======== Data for review ========

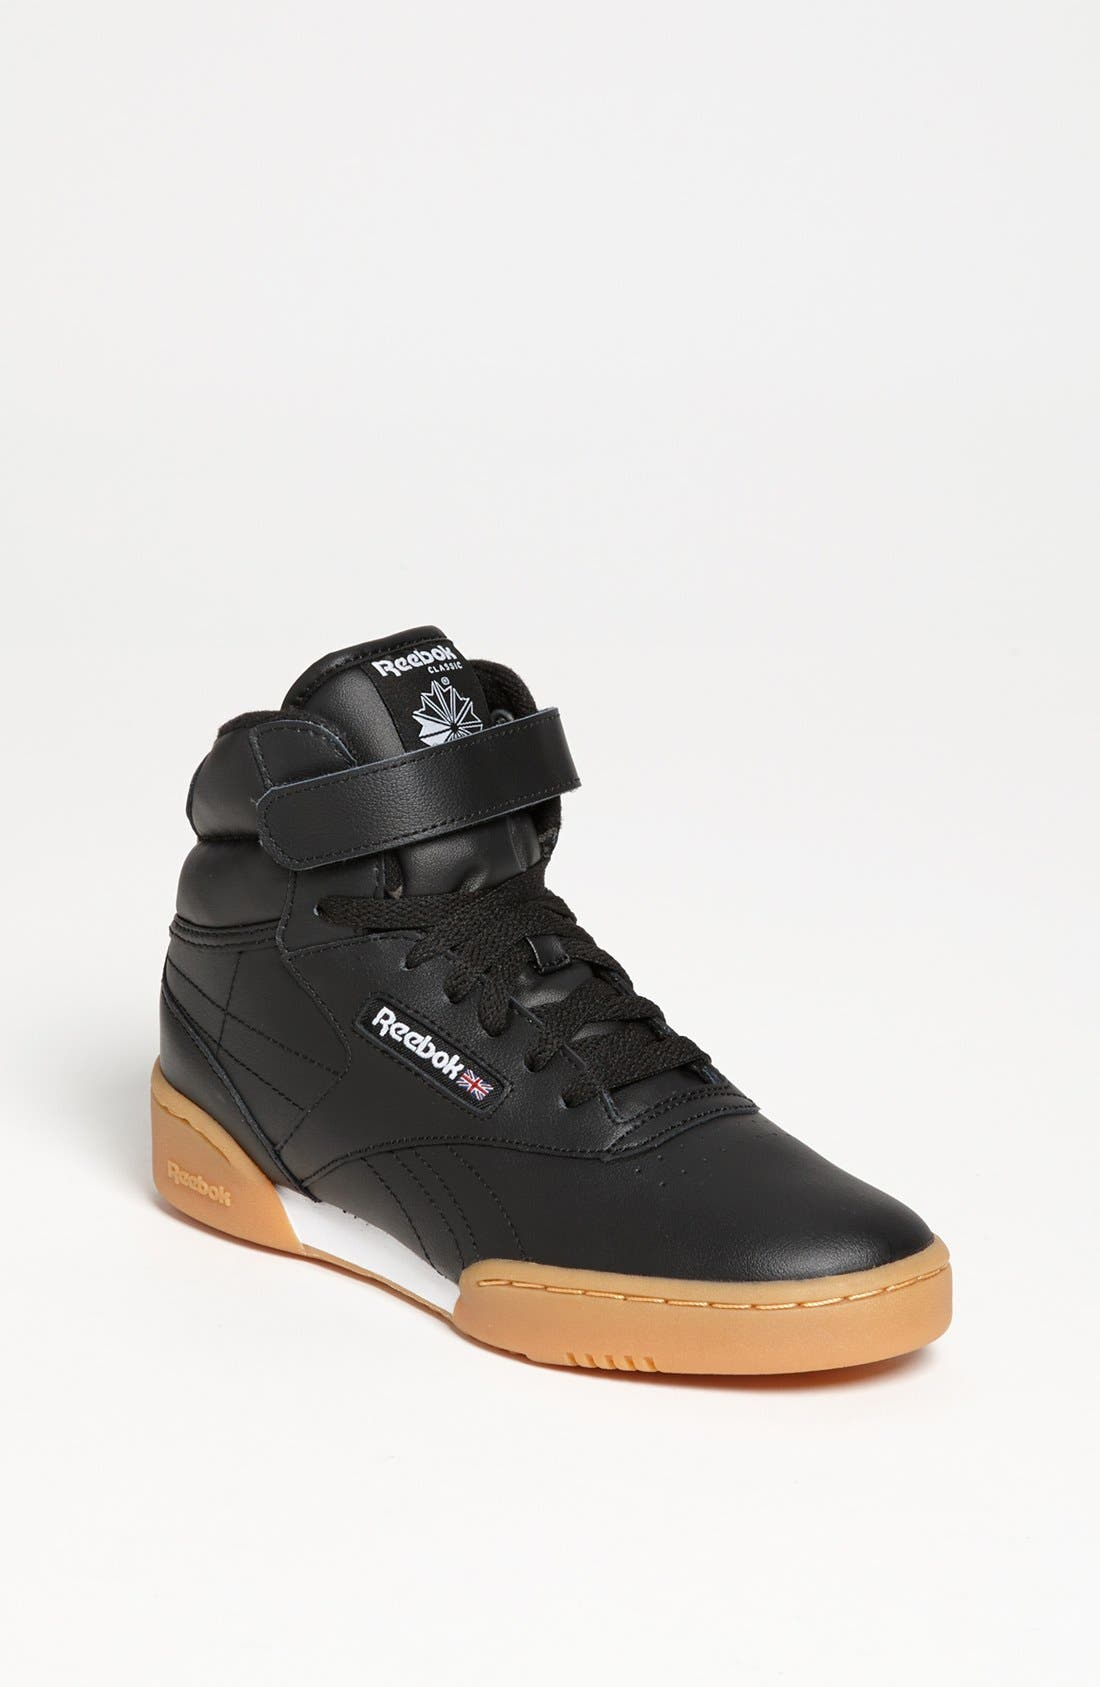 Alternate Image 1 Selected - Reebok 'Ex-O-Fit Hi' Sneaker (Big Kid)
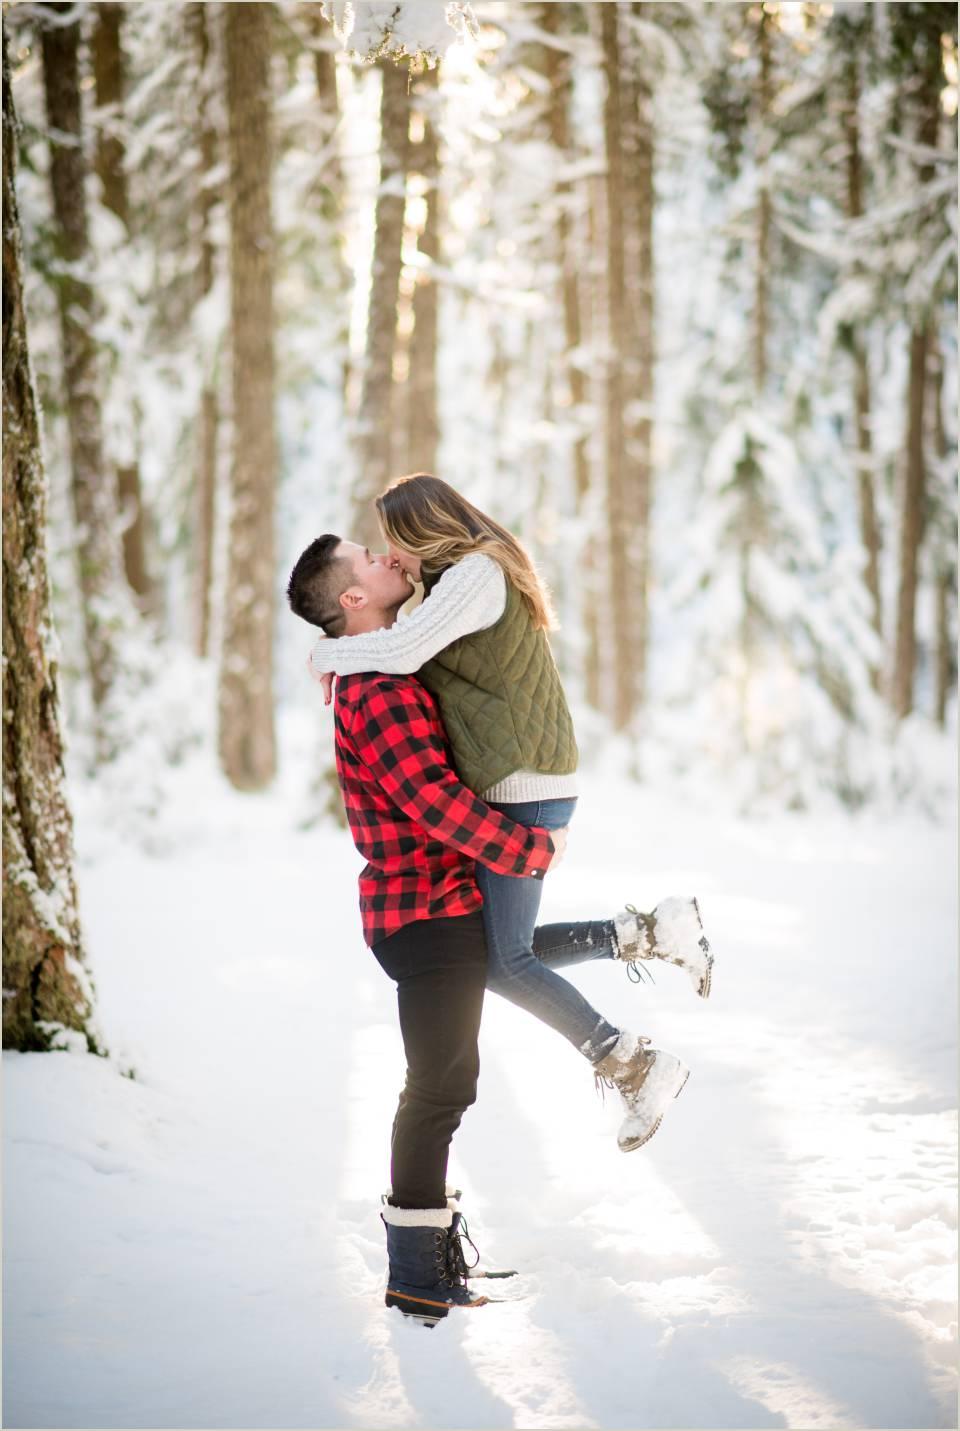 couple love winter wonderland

========
======== Data for review ========

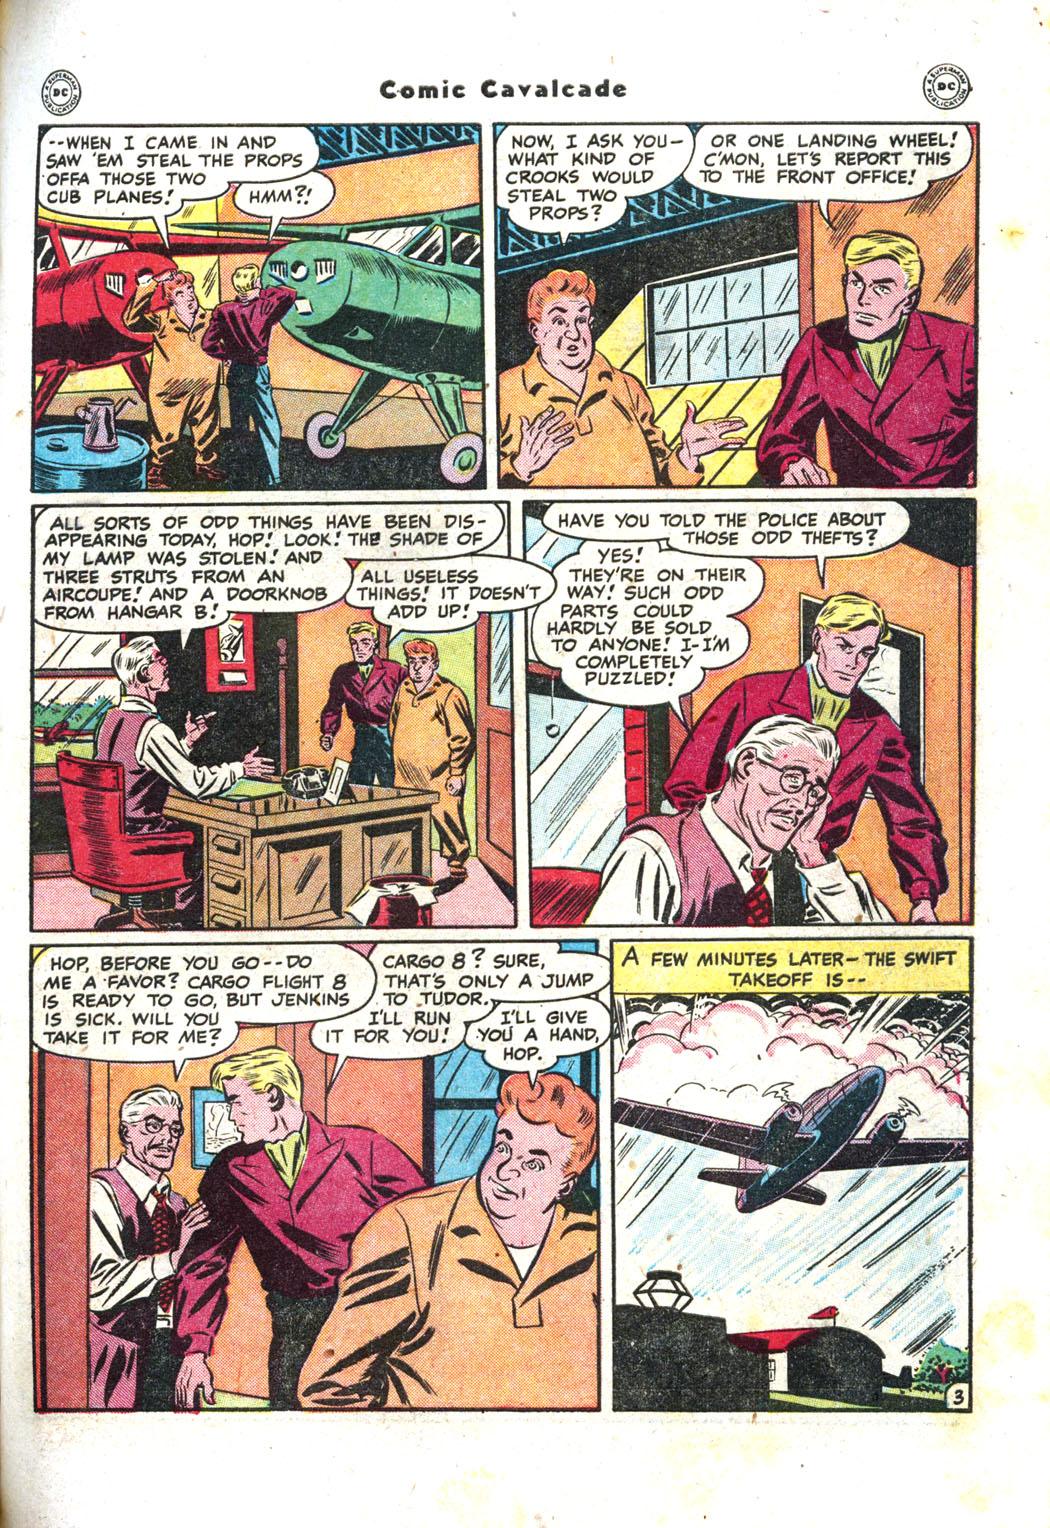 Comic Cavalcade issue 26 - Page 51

========

# How to complete this task:
Output exactly those lines of the data above that run from the line with "Alternate Image 1" up to and including the line with "couple love winter wonderland". No pictures go in.

# Finished exercise:
 Alternate Image 1 Selected - Reebok 'Ex-O-Fit Hi' Sneaker (Big Kid)
 couple love winter wonderland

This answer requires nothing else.